E eu tive a chance de conhecer essa força durante minha viagem de trem de Cannes para Paris, no vagão-bar. Estava tomando um café quando a vi, pequenina, segurando a bengala, acompanhada de sua filha. Fui cumprimentá-la. Ela foi simpática, me perguntou o que eu fazia, respondi que era distribuidora de filmes. Ela encerrou a conversa me dizendo “ninguém é perfeito”, ri e disse adeus. Saí emocionada e alguns dias depois finalizei a aquisição de Visages, Villages. Havia sido um prazer conhecer a Varda.
Priscila Miranda
Direção de programação BIFF 2022
Diretora de aquisição Fênix Distribuidora
The day I met Varda
In 2017, I was returning from the Cannes Film Festival to Paris by train. The 70th edition of the event had been special. I traveled excitedly to the festival after having released Paterson, by Jim Jarmusch, in Brazilian cinemas, which was a dream come true for me, an absolute fan of the director’s work. My challenge that year was to acquire a film by a director I admired. A beautiful and poetic film. Among the various titles shown at Cannes, I was touched by Visages, Villages, a documentary by Agnès Varda and JR. A movie that was applauded for more than ten minutes and that would win the Golden Eye award for best documentary. To distribute a work by Varda would be another great personal accomplishment. The director was one of the artists who inspired me to work with cinema. I identify with almost all of her movies, with the woman she was behind the camera and with her heroines – sensitive and strong women, characters who dodge fate with courage, who often don’t win, but live. Real characters conceived by a woman creating in her image and likeness. This is Varda’s strength.

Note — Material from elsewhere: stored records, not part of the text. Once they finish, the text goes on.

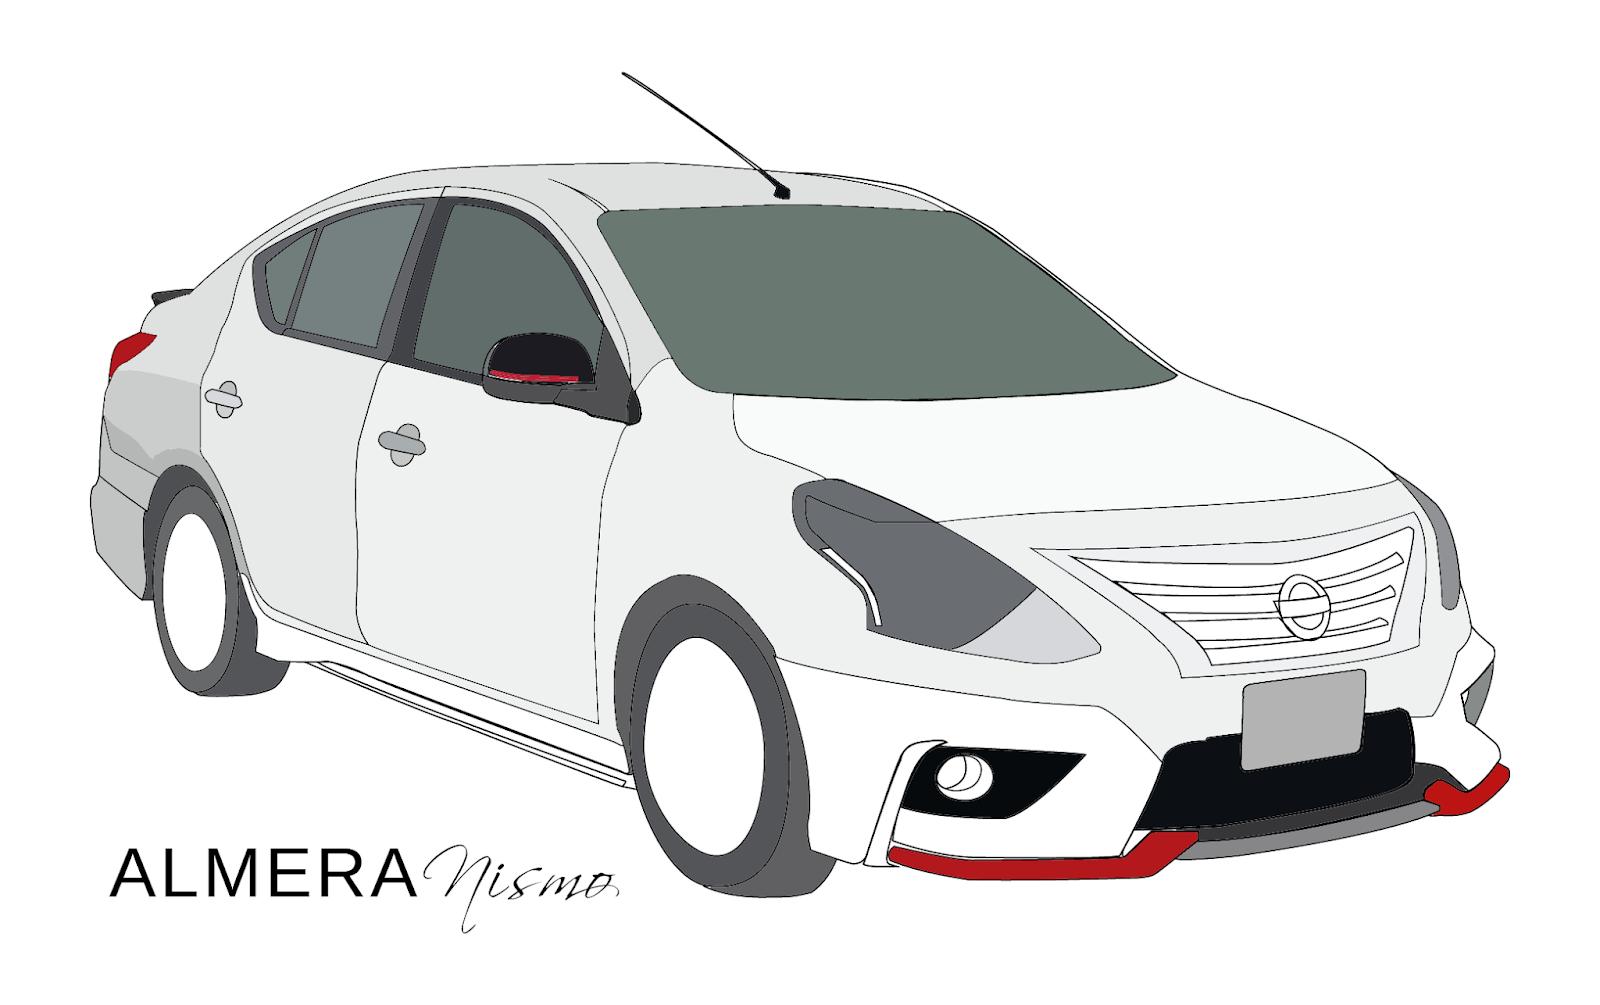 Tracing Vector Nissan Almera Nismo 2016 Black Entri Yang Lain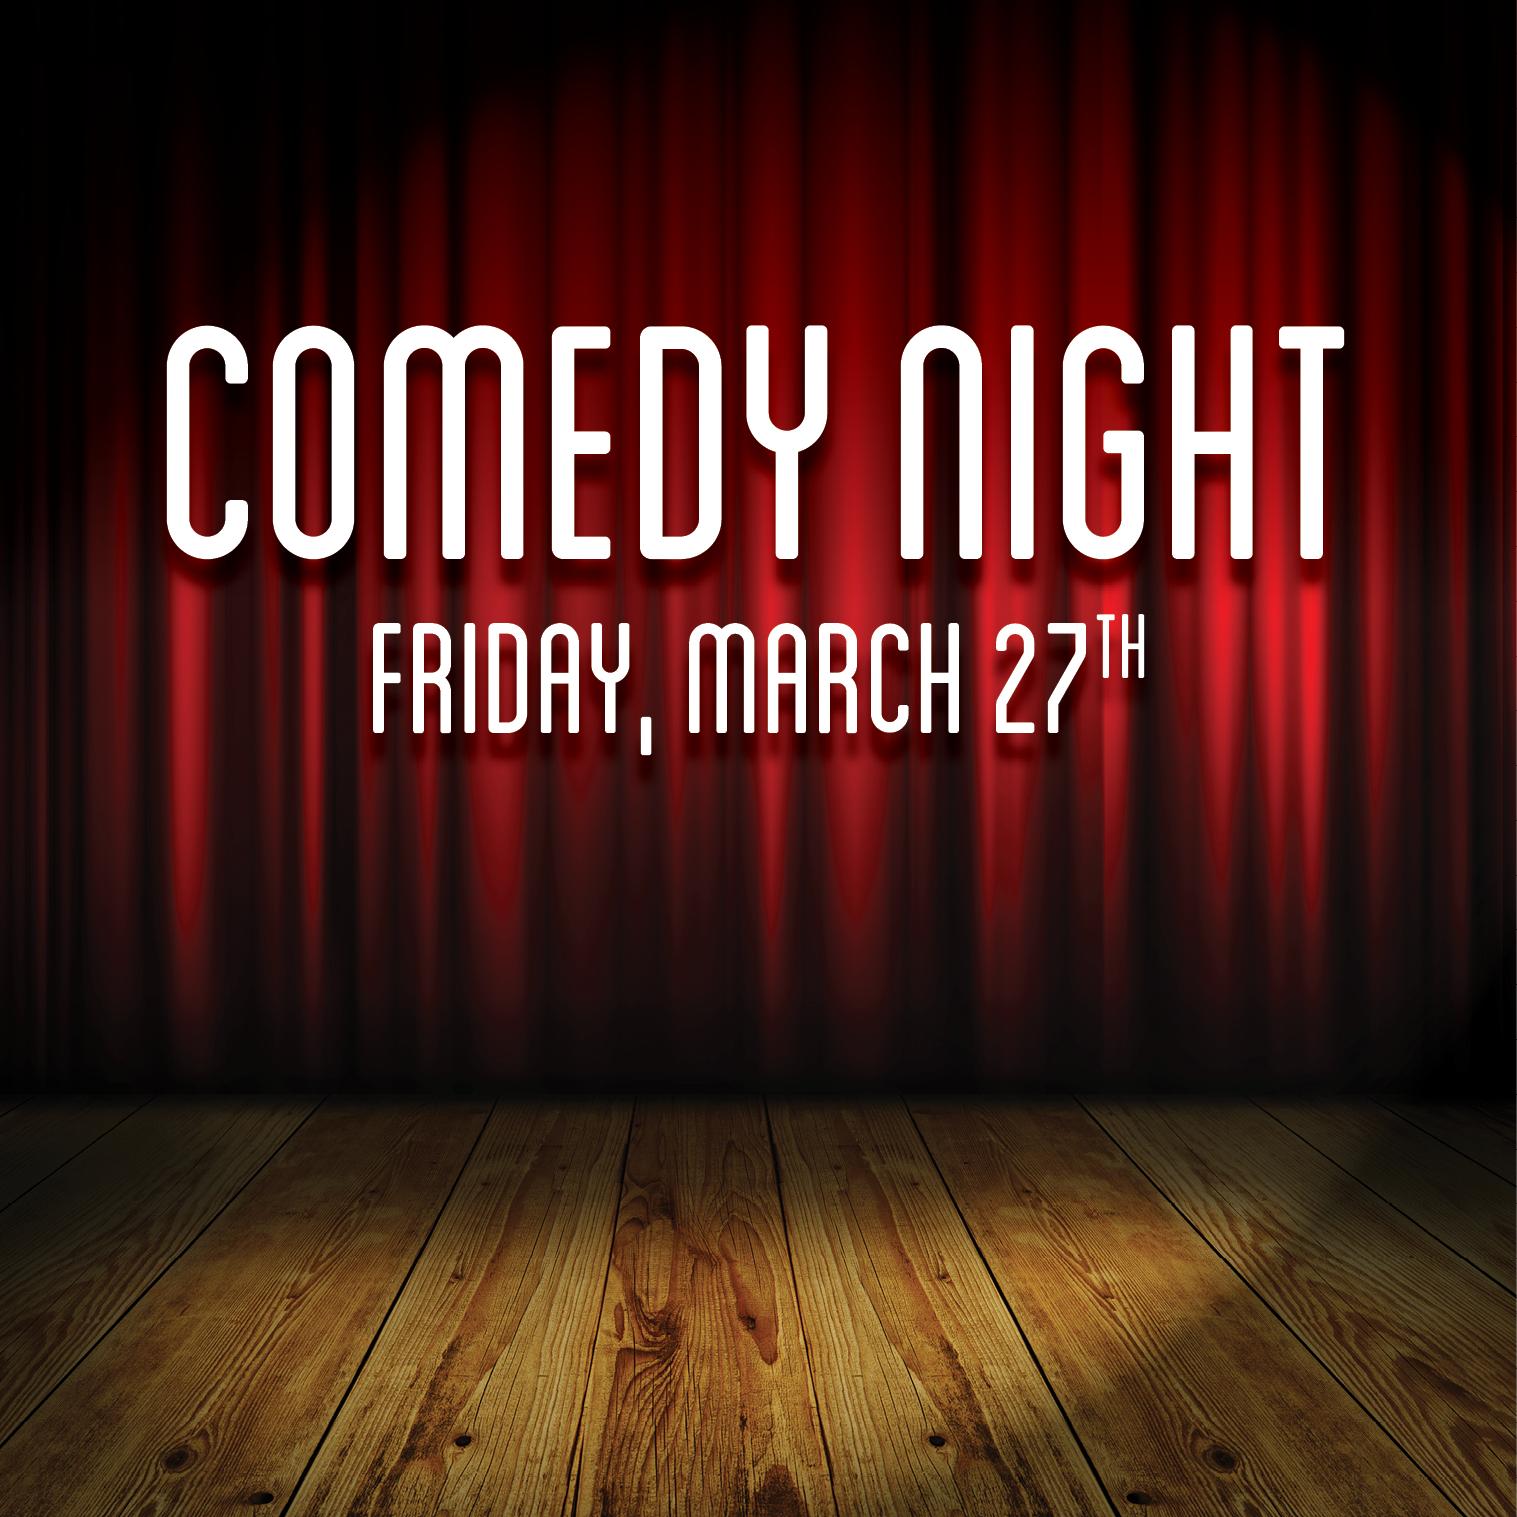 Comedy Night at Hiddenbrooke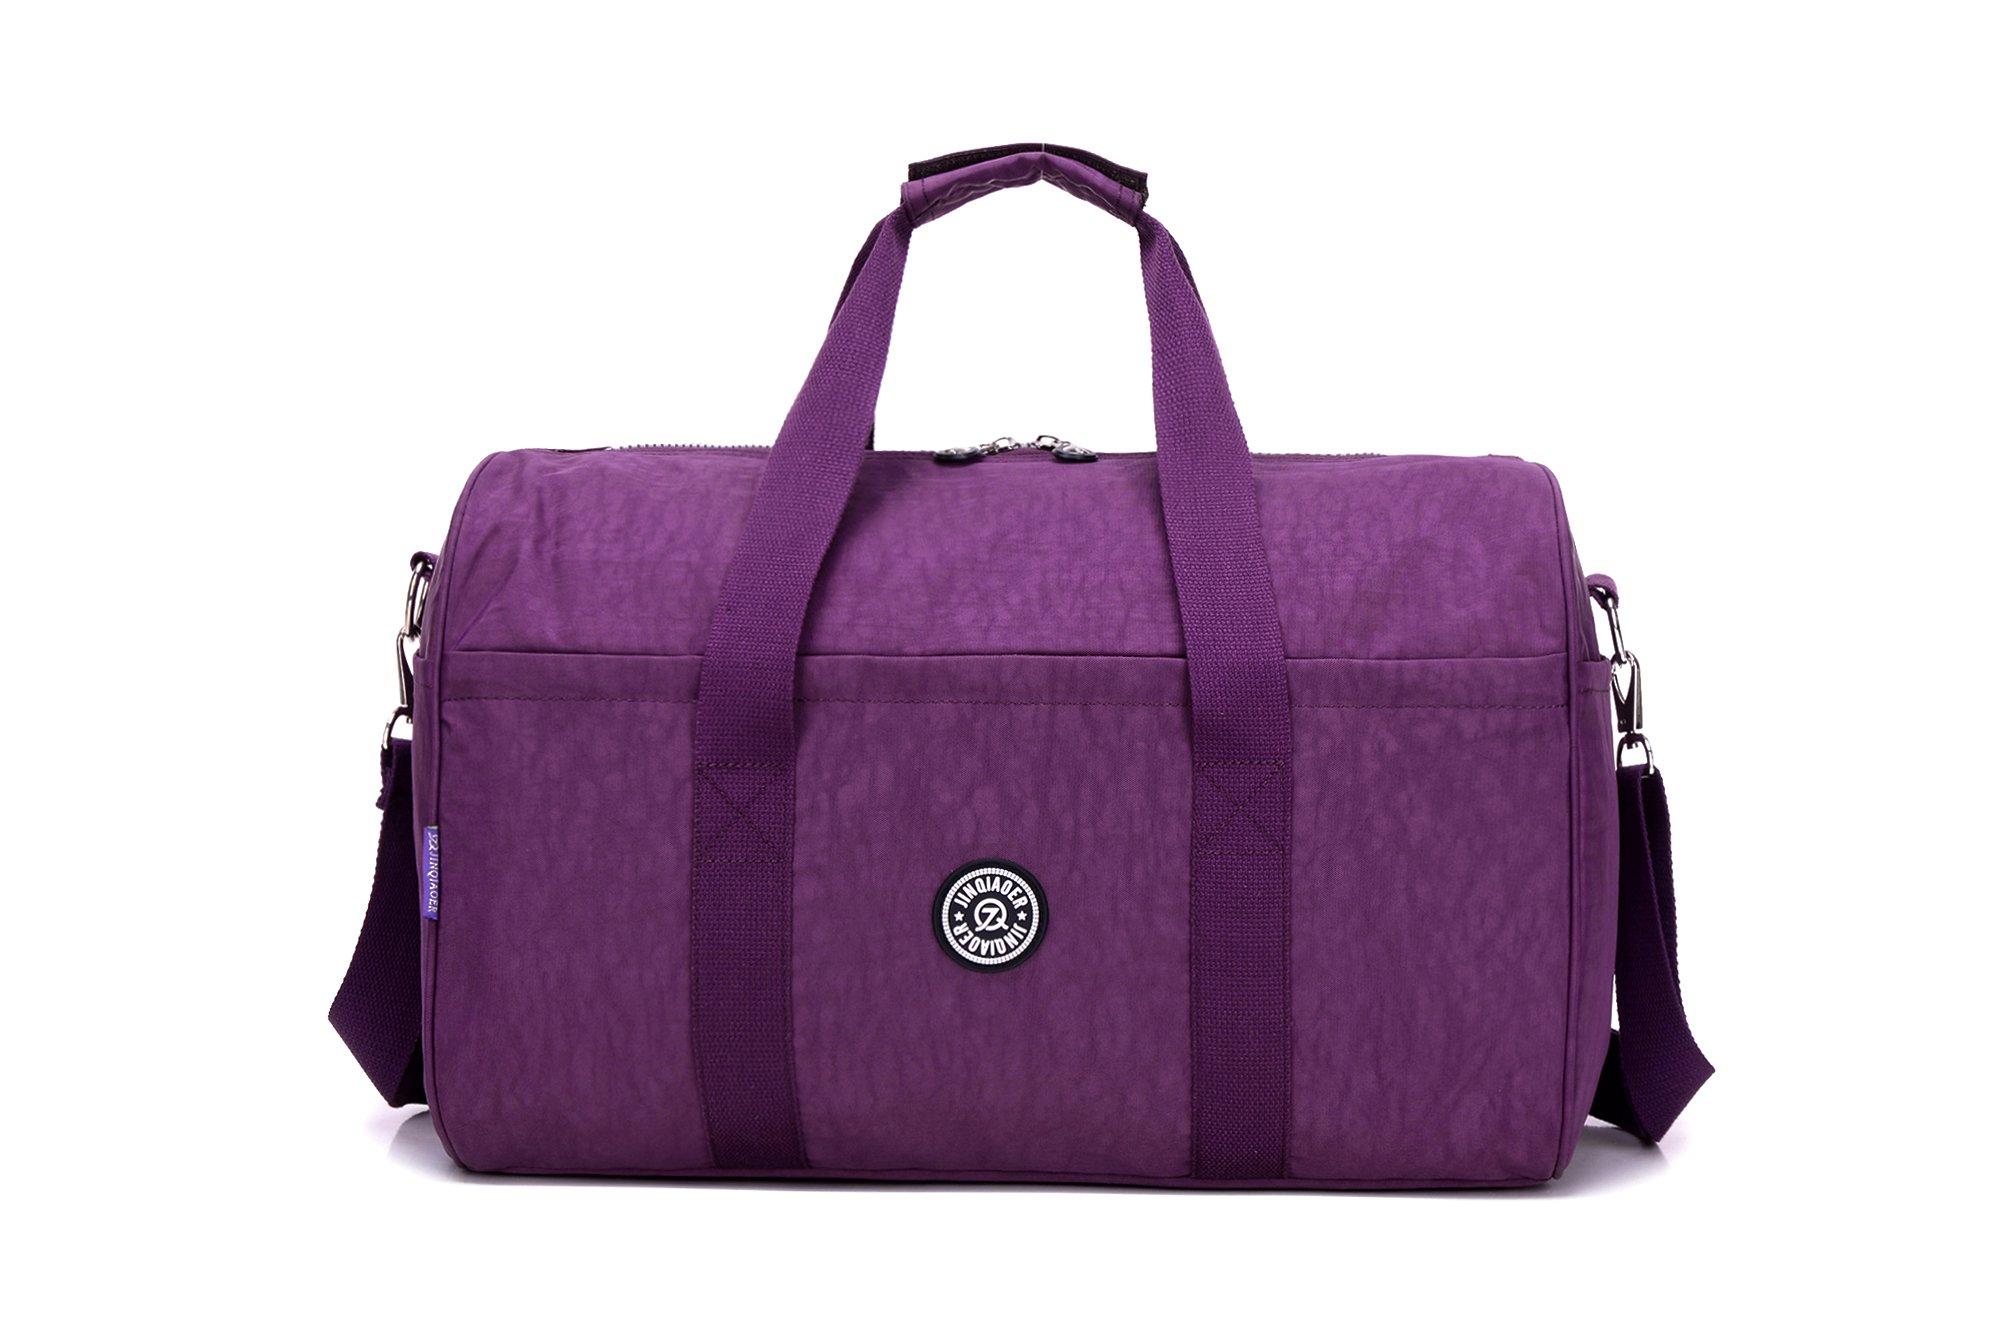 GuiShi(TM) 17'' Large Travel Sports Gym Bag Travel Duffel Bag Lightweight Nylon Water Resistant Weekend Bag (Purple)

Bold, at 25, she directed her first movie, La Pointe Courte. A woman ahead of the camera and of her own time. She built a solid career, alongside Truffaut and Godard, was at the head of the Nouvelle Vague, a cinematographic movement that would change the way of making movies in the world. Her works such as Cléo de 5 a 7 and Le bonheur appear on the list of the best films in the history of cinema. Varda lived 90 years. She filmed different generations with a refreshed, young view, attentive to changes in society.
In this humble tribute that we pay at BIFF, we selected three films by the young Varda and one of her last ones, directed at the age of 88. Visages, Villages won many awards and is considered one of the best films released in 2018. In it, we can watch Varda in front of the cameras teaching us, sharing with us her latest reflections of a woman who lived nine decades. A strong woman.
And I had the chance to meet this strength during my train journey from Cannes to Paris, in the bar car. I was having a coffee when I saw her, tiny, holding her cane, accompanied by her daughter. I went to greet her. She was nice, asked me what I did, I replied that I was a film distributor. She ended the conversation by telling me “nobody is perfect”, I laughed and said goodbye. Excited, a few days later I did the acquisition of Visages, Villages. It had been a pleasure meeting Varda.